Doug Stockdale's Singular Images

March 12, 2008


Filed under: Photography — Doug Stockdale @ 4:03 pm

SNA in transit 031108

I really, really enjoy the immediacy and feedback that is possible with digital image capture. It has allowed me to be more playful, have some fun, be inventive, and to take big risk much more than what I had experienced with my film days.  With film, the feedback loop was too long. I now understand why I had so much fun with the Polaroid film cameras and processes.

Thus, I have been experimenting at the speed of digital.

Potentially, the immedatecy was another reason that I had enjoy painting, apart from the tactile feel of the brush, paint and medium.  When I layered a stroke, I could immediately see the results. I may not like what happened, but I could see what did happen. And I could react accordingly. The same was true for the Polaroid SX-70 film, although a slight delay (as compared to processing my roll film), I could make a subtle (or major!) correction on the spot.

Of course with film, I could previsualize and stay in the moment of what was happening, but never absolutely sure that everything was going to plan. Until later in my darkroom, when I processed my film. And if I made a tactical error, toooo bad! I think that I have repeatedly complained about spending a week photographing in Colorado and upon returning to California, finding out my 120 film back had failed and all of my film was ruined, images and effort gone. Grrrrrrr.

So now, I find that I do experiment more and I can make subtle or major corrections on the fly. And I can immediately follow any inspiration that I have at the moment. If I don’t like what is happening, then immediately make a left turn and continue proceeding on.  Later, I can delete the files, no big penalty.  And I can learn from that experience, possibly draw upon that again later after thinking about what I was trying to accomplish, what worked, what didn’t, and start planning a new path to my goal.

And sometimes, I have a ton of new images to edit and can become overwhelmed, but if I take it a bit at a time, I can usually make sense of what appeals to me and what does not;- )

A new series that I am working on is a result of just that process.  I have been interested in expressing some aspects of life and living as a non static event, using a relatively static medium. A photograph is but a brief moment in time. But it has the capability to capture a longer moment of time with the graphic symbols that we associate from the blur in a photograph. A combination of the real and abstract, but one we get clues from that make connections.

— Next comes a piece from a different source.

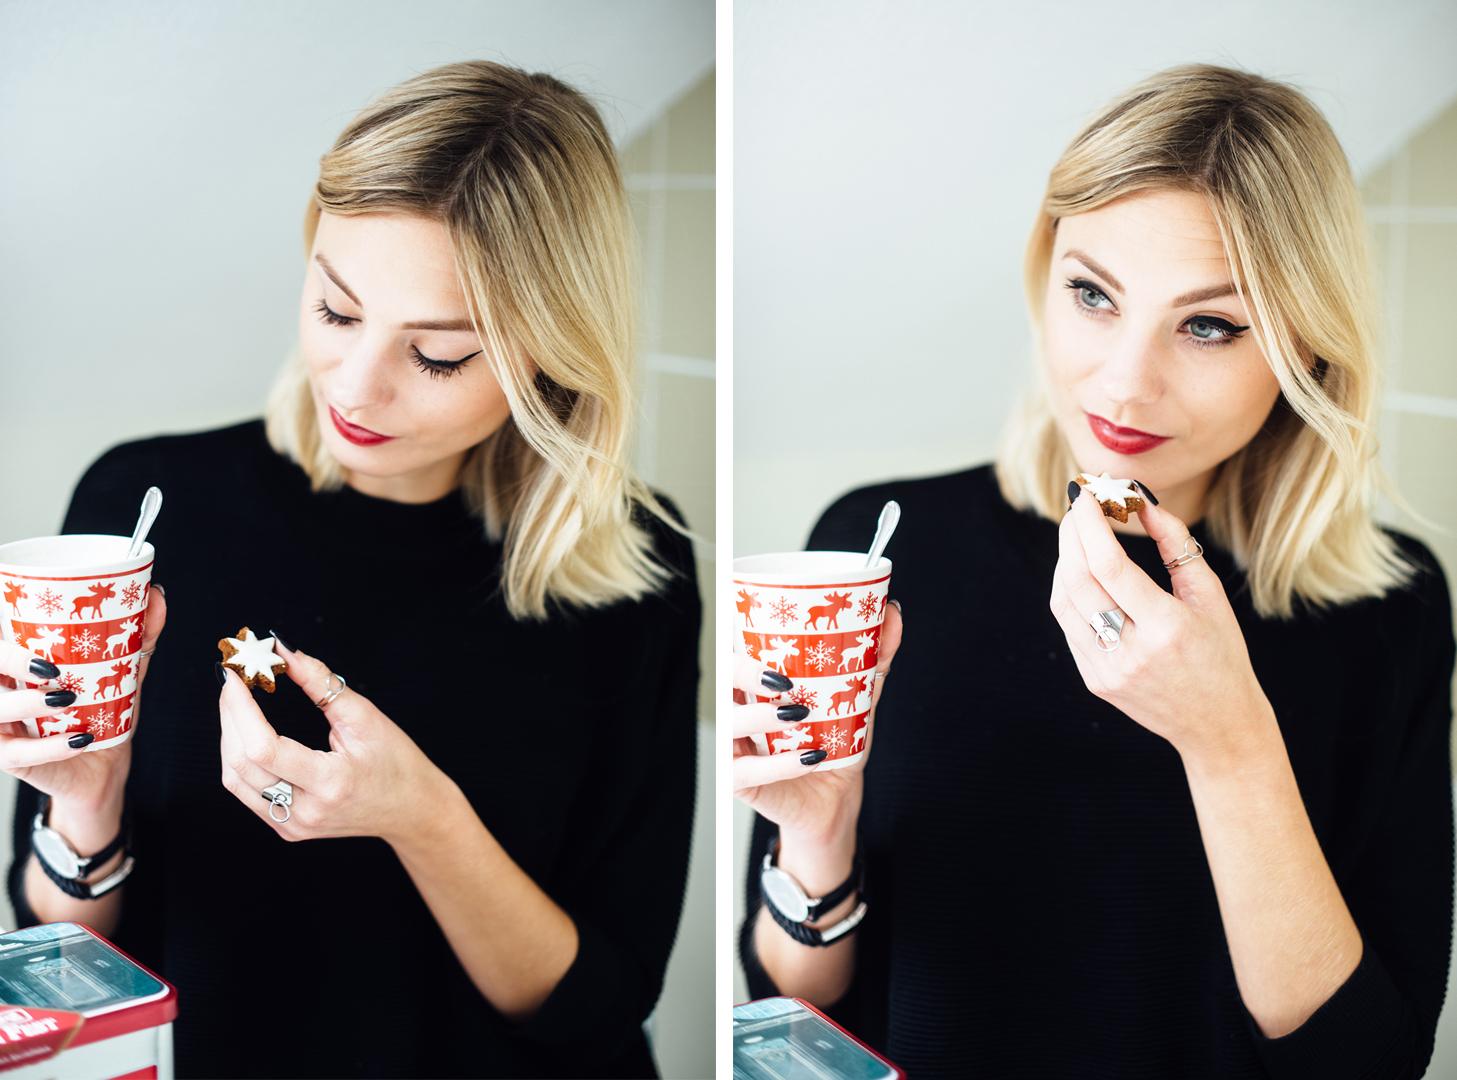 lambertz-geschenktruhe_erfahrung_review_weihnachten_outfit_inspiration_fashionblog_modeblog_kiamisu-collage
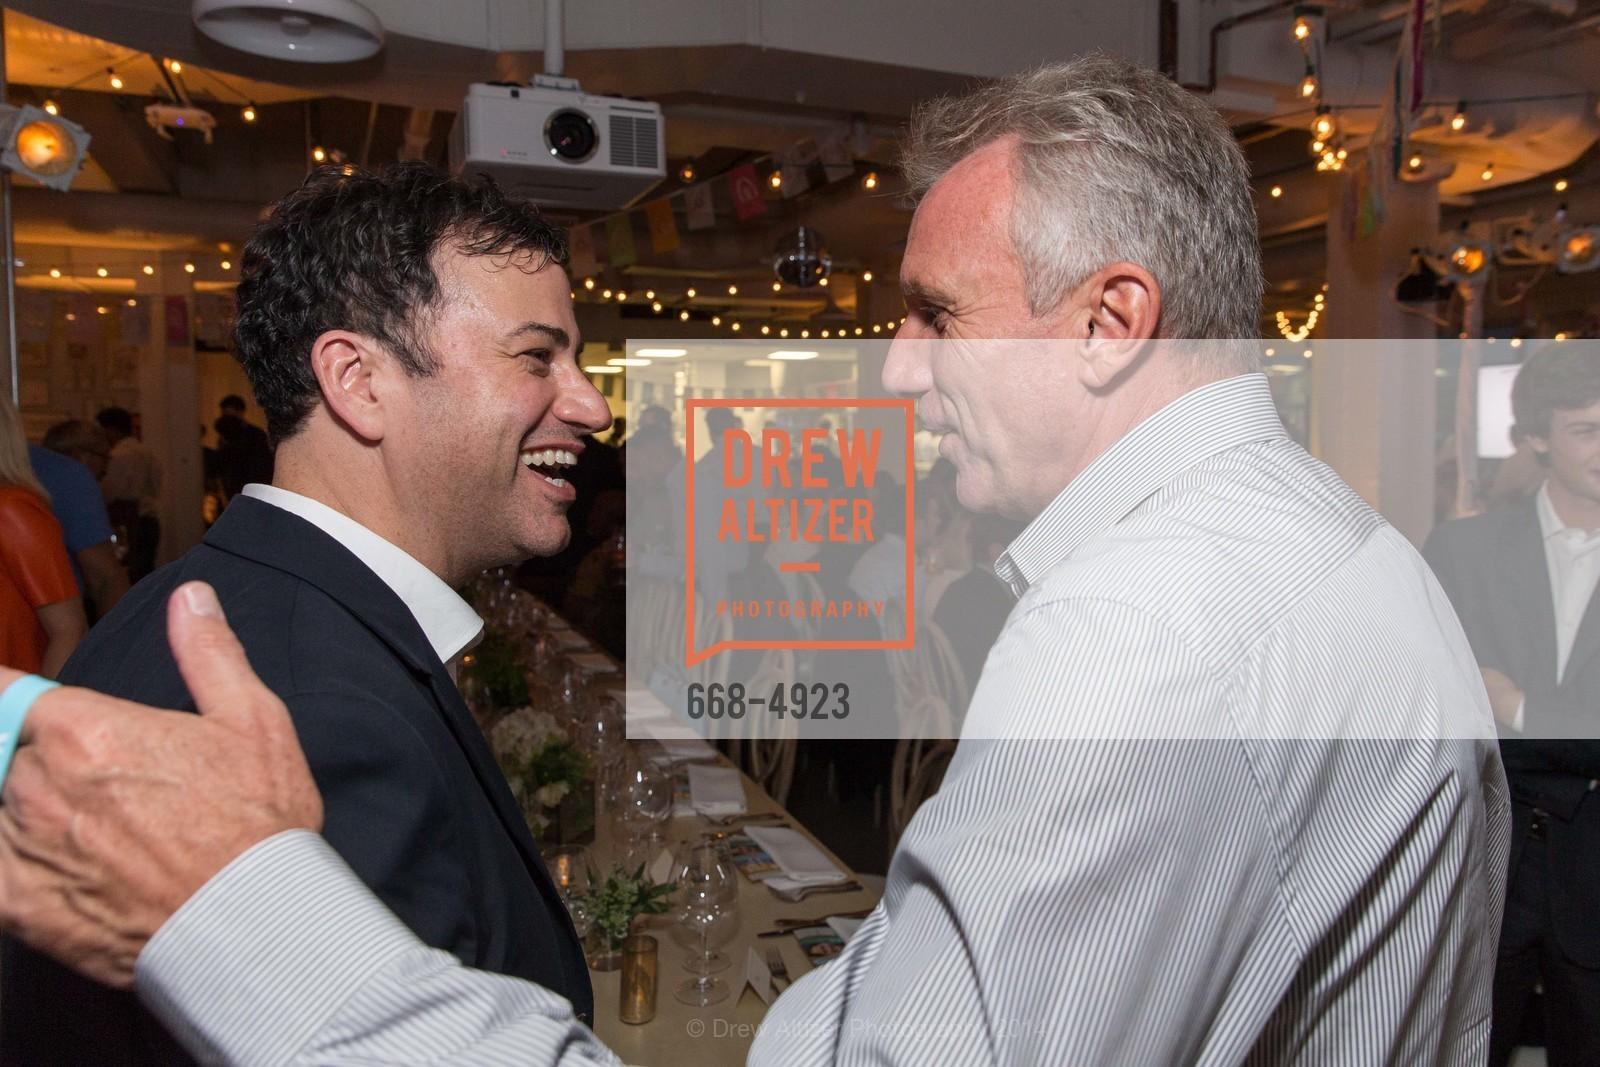 Jimmy Kimmel, Joe Montana, Photo #668-4923

My recent experimental process has proceeded as follows; long exposures of trees in the wind, panning my camera while photographing the urban landscape from a moving car, panning my camera with long exposures while photographing people on the streets, long exposures while photographing people doing various activities. From each of these small experiments, I have learned some aspects of photography to get the images that appeal to me.  And I get the immediate feedback to make the necessary adjustments to increase the amount of satisfactory images that meet my goals. Very nice!

That’s whats been working for me, and I hope that this (digital) medium has been helping you experiment and try some new things as well.

Best regards, Doug

1 Comment »

  1. Excellent post, Doug. I totally agree with the immediate feedback and the ability to keep changing your approach (angle, shutter speed, aperture, movement, etc), until you get what you want.

    That’s exactly what I call working the shot, which seemed to cause a bit of a stir with some people. Time has moved on from the film days, moreover, the ways of shooting, and greater experimentation is encouraged. This is not the same thing as being sloppy, if you will, and just shooting at random; however, what is wrong with that? By any means necessary!